Дом у озера (СИ) - "Поздний Боржоми". Страница 16
- Санса… - он удержал ее руку в ладони. – Позвони мне.
Она кивнула и вышла, обогнув Лизу по широкой дуге.
Он отвернулся к окну, Лиза всхлипывала за спиной.
Дождь уже не шел.
***
Пепел с ее сигареты сыпался прямо на бежевый ковер. Пепельницу на столике Лиза упорно не замечала. Размазанная тушь вокруг глаз вкупе с бледностью делали ее похожей на плохую пародию Джина Симмонса. Она говорила и говорила, ужасные, отвратительные вещи, наверное, пыталась задеть его за живое, но он почти не слушал. Большая часть того, что она несла, было правдой. Петир Бейлиш в самом деле был ублюдком.
Она, наконец, выдохлась, замолчала, заново прикурив потухшую сигарету.
- Имей в виду, я расскажу Неду.
- Он знает.
Она была разочарована.
- Ты всегда любила безобразные сцены, а я тебя обломал, - усмехнулся Петир.
- Иди к черту, - буркнула она. – Скотина.

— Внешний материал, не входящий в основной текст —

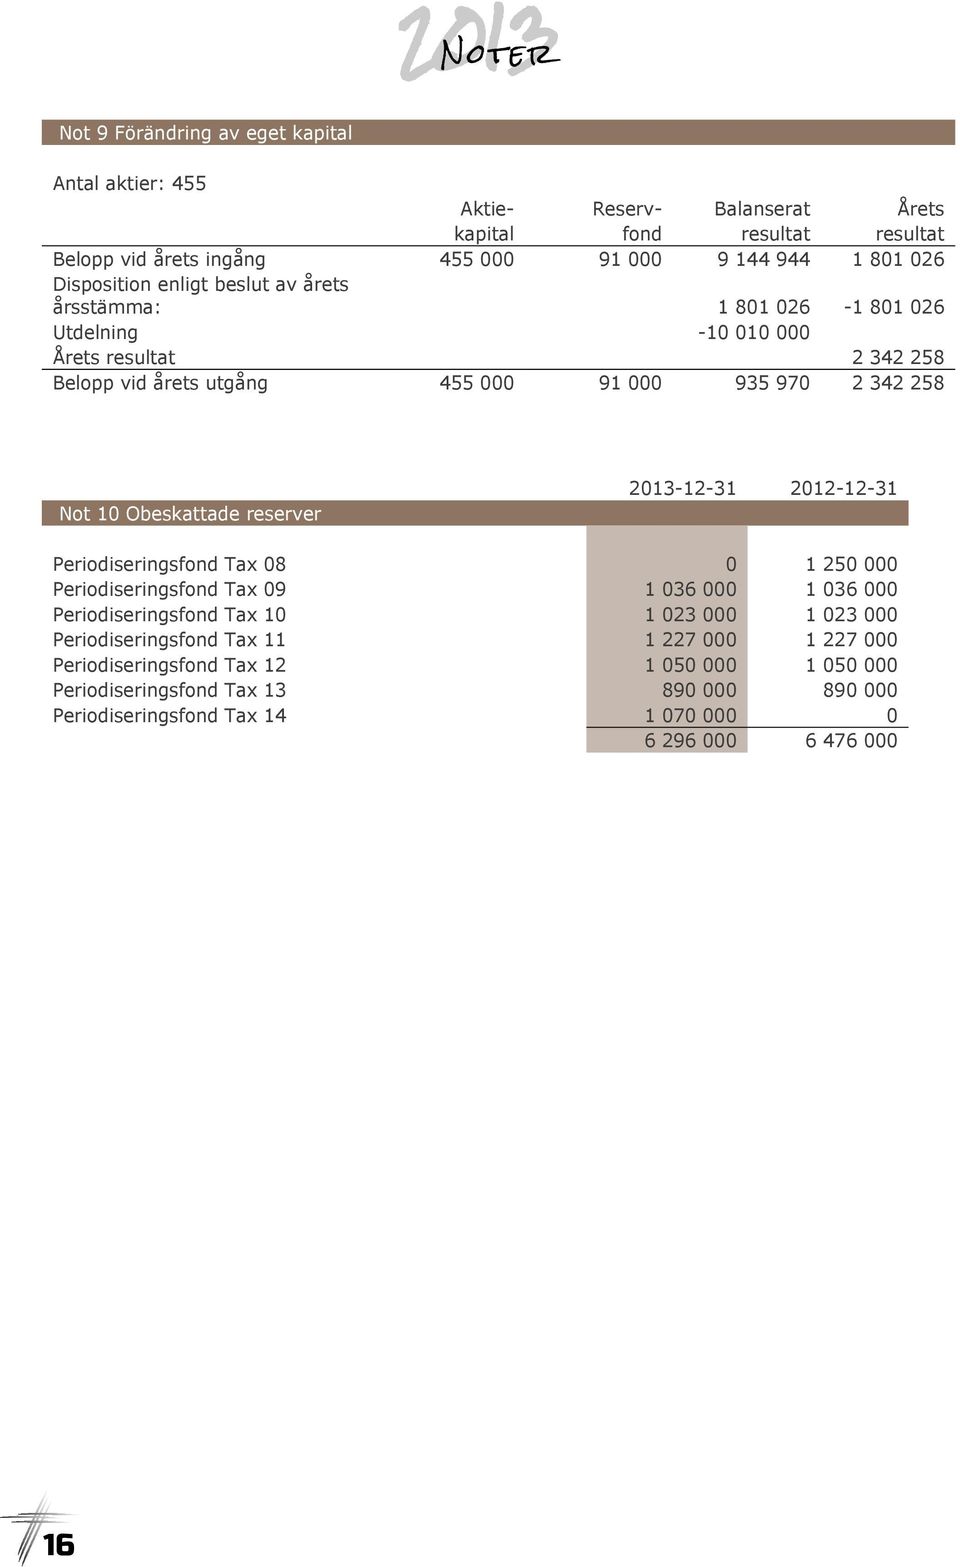 Obeskattade reserver 2013-12-31 2012-12-31 Periodiseringsfond Tax 08 0 1 250 000 Periodiseringsfond Tax 09 1 036 000 1 036 000 Periodiseringsfond Tax 10 1 023 000 1 023 000

Он вздохнул. Без Сансы накал остыл, и ему было все равно теперь на выходки Лизы, и на ее оскорбления, но было тревожно. Он надеялся, что девочка отправилась домой. Кто знает, как она могла отреагировать на все это.
- Я хочу, чтобы ты ушла.
Лиз наконец увидела пепельницу, с силой вмяла в нее окурок.
- Мне нужно умыться.
Петир кивнул, усаживаясь в кресло. Лиз встала, сделала шаг к ванной, потом повернулась к нему и тихо спросила:
- Ты когда-нибудь любил меня? Хоть чуть-чуть? Совсем немножко, Петир?
Он посмотрел на нее с внезапной жалостью. Если она любила его так же, как любил он свою девочку, ей в самом деле должно быть больно.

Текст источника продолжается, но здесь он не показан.